1. O que fez o Presidente da República na sua declaração foi dar uma
chicotada nos portugueses – por singular coincidência, a maioria – de
que ele considera não ser o Presidente. Não foi uma chicotada
psicológica, mas uma chicotada real. Ao justificar a sua decisão de
indigitar Passos Coelho primeiro-ministro – uma decisão em si acertada –
com uma declaração de exclusão da vida pública do BE e do PCP e, por
arrasto, do PS, abriu uma crise política e institucional cujas
consequências estão longe de ser adivinhadas.
2. Embora não o
tenha dito explicitamente, disse com clareza suficiente que não dará
posse a um Governo PS-BE-PCP, com maioria parlamentar, que ele entende
ser maldito, sugerindo que, mesmo que o Governo PSD-CDS não passe na
Assembleia poderá deixá-lo em gestão até que haja condições para haver
novas eleições. O facto de apenas o ter subentendido pode indicar que
possa recuar, mas o tom agressivo das suas considerações faz com que, se
o fizer, isso equivalha a uma gigantesca manifestação de incoerência e
impotência, em si mesma um factor de instabilidade.
3. Mais:
significa que, ao indigitar Passos Coelho, não está apenas a proceder a
um acto normal pelo facto de a coligação ter ganho as eleições, o que é
em si mais que aceitável, está a fazê-lo para que este permaneça no seu
lugar de governo, sem poderes e em conflito permanente com a maioria
parlamentar, por longos meses. Cavaco Silva inaugura em Portugal uma
prática que já tinha péssimos precedentes na Europa: a de que se fazem
todas as eleições precisas até que o resultado seja satisfatório. Ou
seja, até que ganhem aqueles que se consideram os detentores naturais do
poder, até que o PSD-CDS ganhe com maioria absoluta.
4. Num só
acto o Presidente garantiu longos meses de instabilidade política, um
confronto permanente entre instituições, uma enorme radicalização da
vida política, e tornou-se responsável pelas consequências económicas
que daí advenham.

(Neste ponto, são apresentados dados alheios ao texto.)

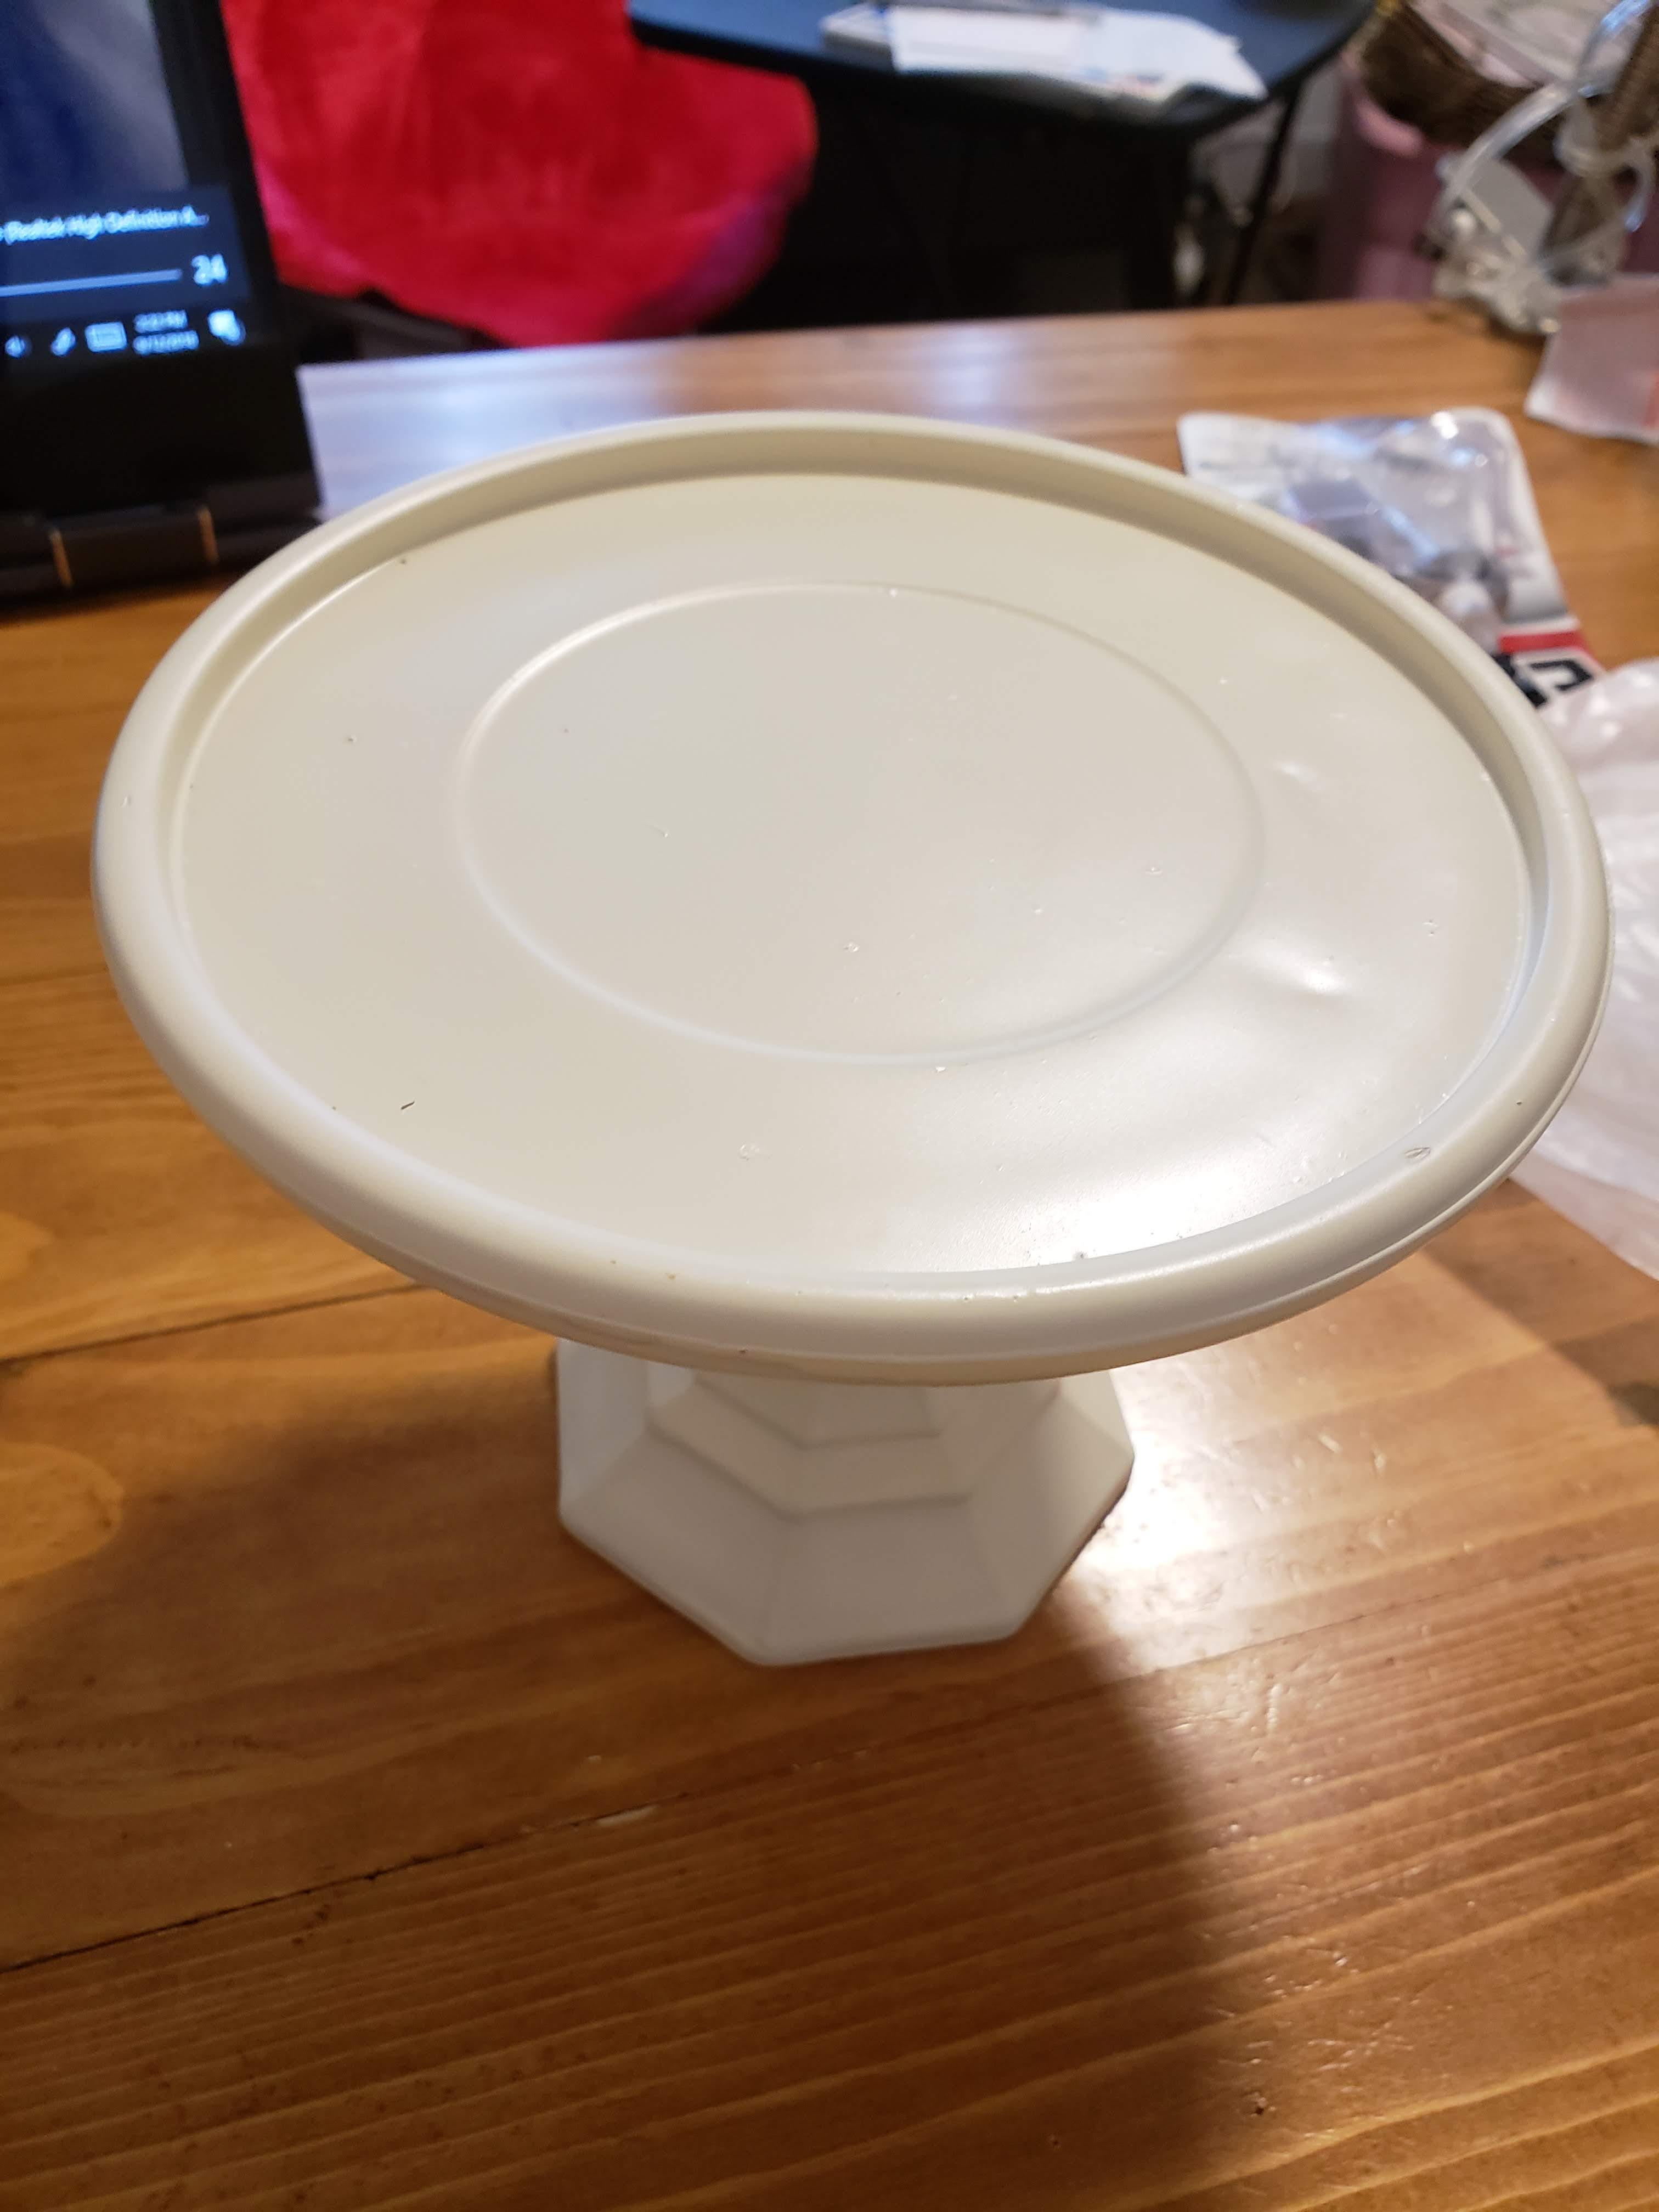 Glue dish to top of candle holder

A aceitarem este rumo, Cavaco Silva e Passos Coelho
passam a ser os principais sujeitos dos efeitos negativos na economia e
na sociedade, desta instabilidade, enquanto se poderia considerar que
seriam António Costa e a maioria de esquerda os responsáveis, caso
existissem esses mesmos efeitos como consequência de um seu Governo.
5.
Cavaco Silva ajudou a inverter a vitimização de que o PSD-CDS precisava
em termos eleitorais, e este é apenas um dos efeitos perversos da sua
comunicação. Na verdade, o que é ainda mais grave é que se mostrou
disposto a deteriorar a situação económica do país, e a sua posição face
aos “mercados”, que até agora não reflectiram o catastrofismo do
discurso interno do PSD-PS e externo do PPE, e que, se agora o começarem
a fazer, é porque o Presidente abriu uma frente de guerra e de
instabilidade que dificilmente se resolverá.
6. Outro dos efeitos
perversos da comunicação presidencial foi dar uma enorme contribuição
para que no PS, no BE e no PCP se perceba, com uma clareza meridiana, o
que está em jogo e que estão sob um ataque sem tréguas destinado a
eternizar a direita no poder, com todos os meios e recursos, de que esta
dispõe e que hoje são muitos. A direita teve dois milhões de votos,
menos do que a esquerda, mas mesmo assim reveladores de que existe a seu
favor um importante movimento de opinião pública, a que se começa a
apelar à mobilização, mesmo para o local onde até agora não existia, a
rua. A agressividade desses apelos revela que compreendeu que a
possibilidade de haver uma expressão política conjunta à esquerda que
ultrapasse as divisões históricas que a separavam é um muito sério risco
para uma hegemonia que consideravam garantida pela fusão dos votos do
CDS e do PSD.
7. Nunca, desde o 25 de Abril, um Governo serviu a direita ideológica e dos interesses como o tandem troika-PSD/CDS.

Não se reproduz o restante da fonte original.